Comment 2 Shyamsundar 2018-03-13 01:22:40 UTC
(In reply to Raghavendra G from comment #1)
> (In reply to Shyamsundar from comment #0)
> > and, this message
> > I [MSGID: 109063] [dht-layout.c:693:dht_layout_normalize] 0-patchy-dht:
> > Found anomalies in (null) (gfid = 00000000-0000-0000-0000-000000000000).
> > Holes=1 overlaps=0
> 
> This is a false positive of an error. These errors are normally seen when a
> lookup races with mkdir and finds a directory with layout _yet_ to be set.
> IOW, its a transient condition which gets resolved once either mkdir or
> lookup completes.

Note, on multiple mounts and unmounts, this did not go away.

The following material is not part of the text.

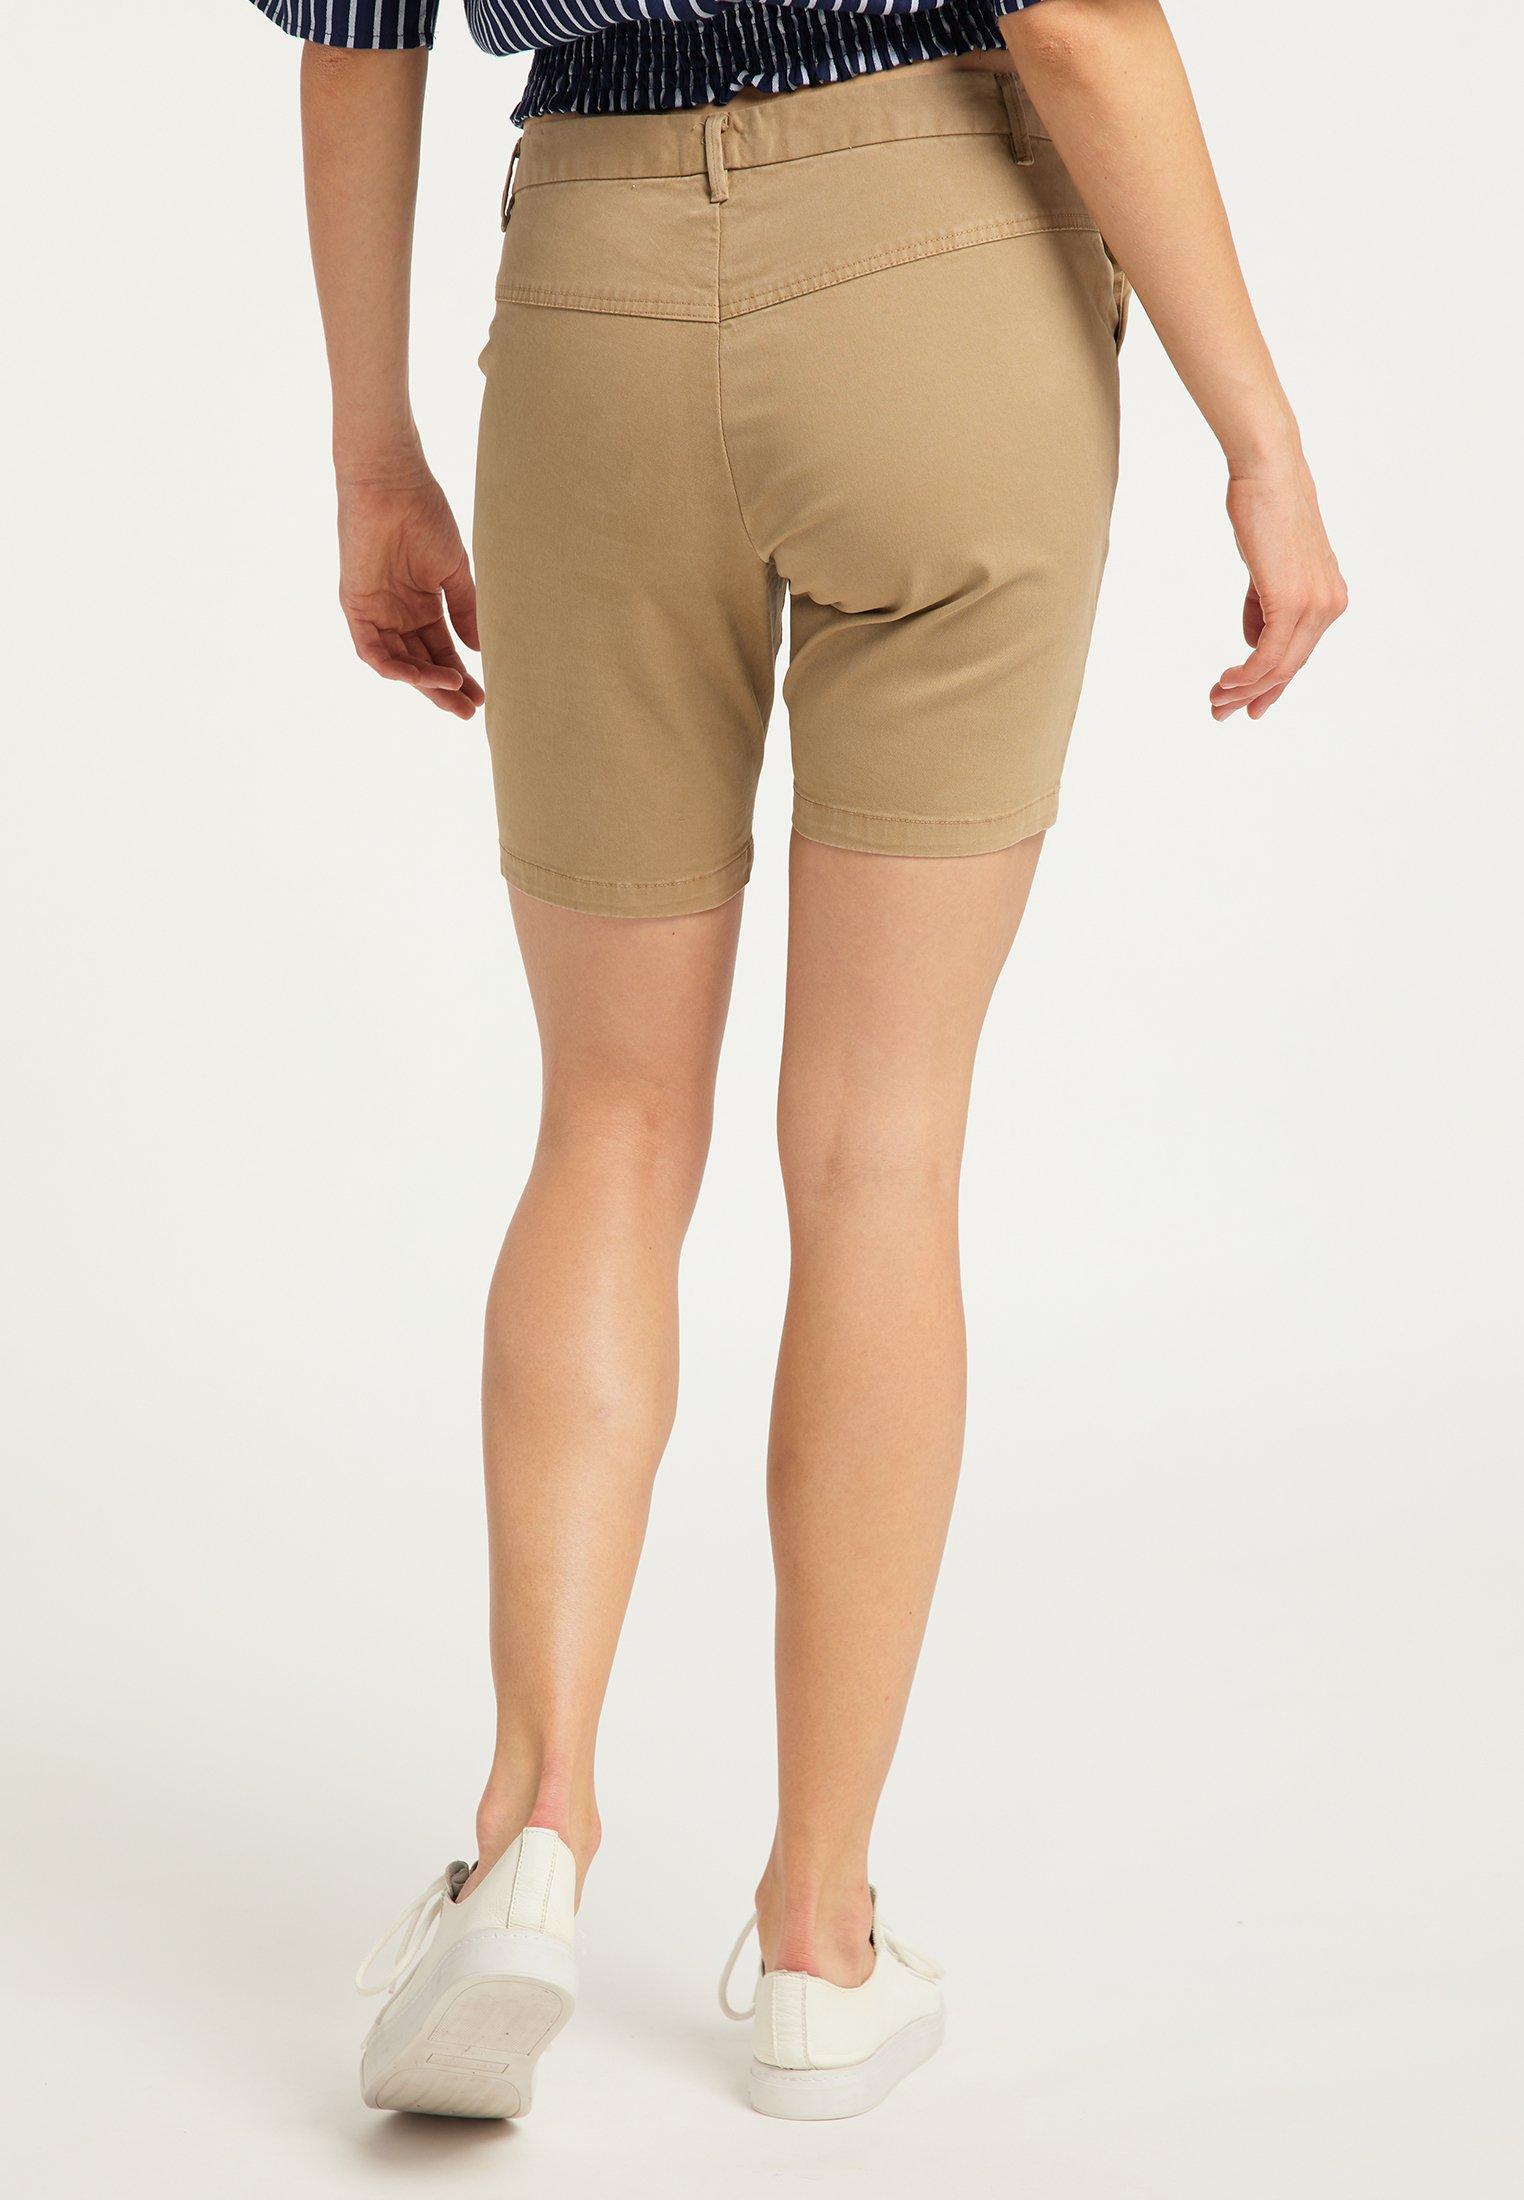 Official Site Women's Clothing DreiMaster Shorts beige Jn3Ae0EfV

Comment 3 Raghavendra G 2018-03-13 01:32:01 UTC
> Note, on multiple mounts and unmounts, this did not go away.

During every mkdir this error msg can be seen (mounting/umounting has no impact). However, if you are seeing this error during lookup on an existing directory, its a cause for concern.

Comment 4 Shyamsundar 2018-03-13 01:42:29 UTC
(In reply to Raghavendra G from comment #3)
> > Note, on multiple mounts and unmounts, this did not go away.
> 
> During every mkdir this error msg can be seen (mounting/umounting has no
> impact). However, if you are seeing this error during lookup on an existing
> directory, its a cause for concern.

Ah! apologies, I meant this for the first message which I repeat here,

> Post upgrade, client mount is seeing this error
> I [MSGID: 109005] [dht-selfheal.c:2328:dht_selfheal_directory] 0-patchy-dht:
> Directory selfheal failed: Unable to form layout for directory /

Also, the anomalies message even though a false positive, should be suppressed, as this is noise.

Further, I forgot to report one more error in the logs as follows for every mkdir, consider this as well a part of this bug report.

I [dict.c:491:dict_get] (-->/usr/lib64/glusterfs/4.0.0/xlator/cluster/distribute.so(+0x21740) [0x7fce5c1cc740] -->/usr/lib64/glusterfs/4.0.0/xlator/cluster/distribute.so(+0x42d55) [0x7fce5c1edd55] -->/lib64/libglusterfs.so.0(dict_get+0x10c) [0x7fce63d4187c] ) 0-dict: !this || key=trusted.glusterfs.dht.mds [Invalid argument]

Comment 5 Shyamsundar 2018-06-20 18:24:42 UTC
This bug reported is against a version of Gluster that is no longer maintained (or has been EOL'd). See https://www.gluster.org/release-schedule/ for the versions currently maintained.

As a result this bug is being closed.

If the bug persists on a maintained version of gluster or against the mainline gluster repository, request that it be reopened and the Version field be marked appropriately.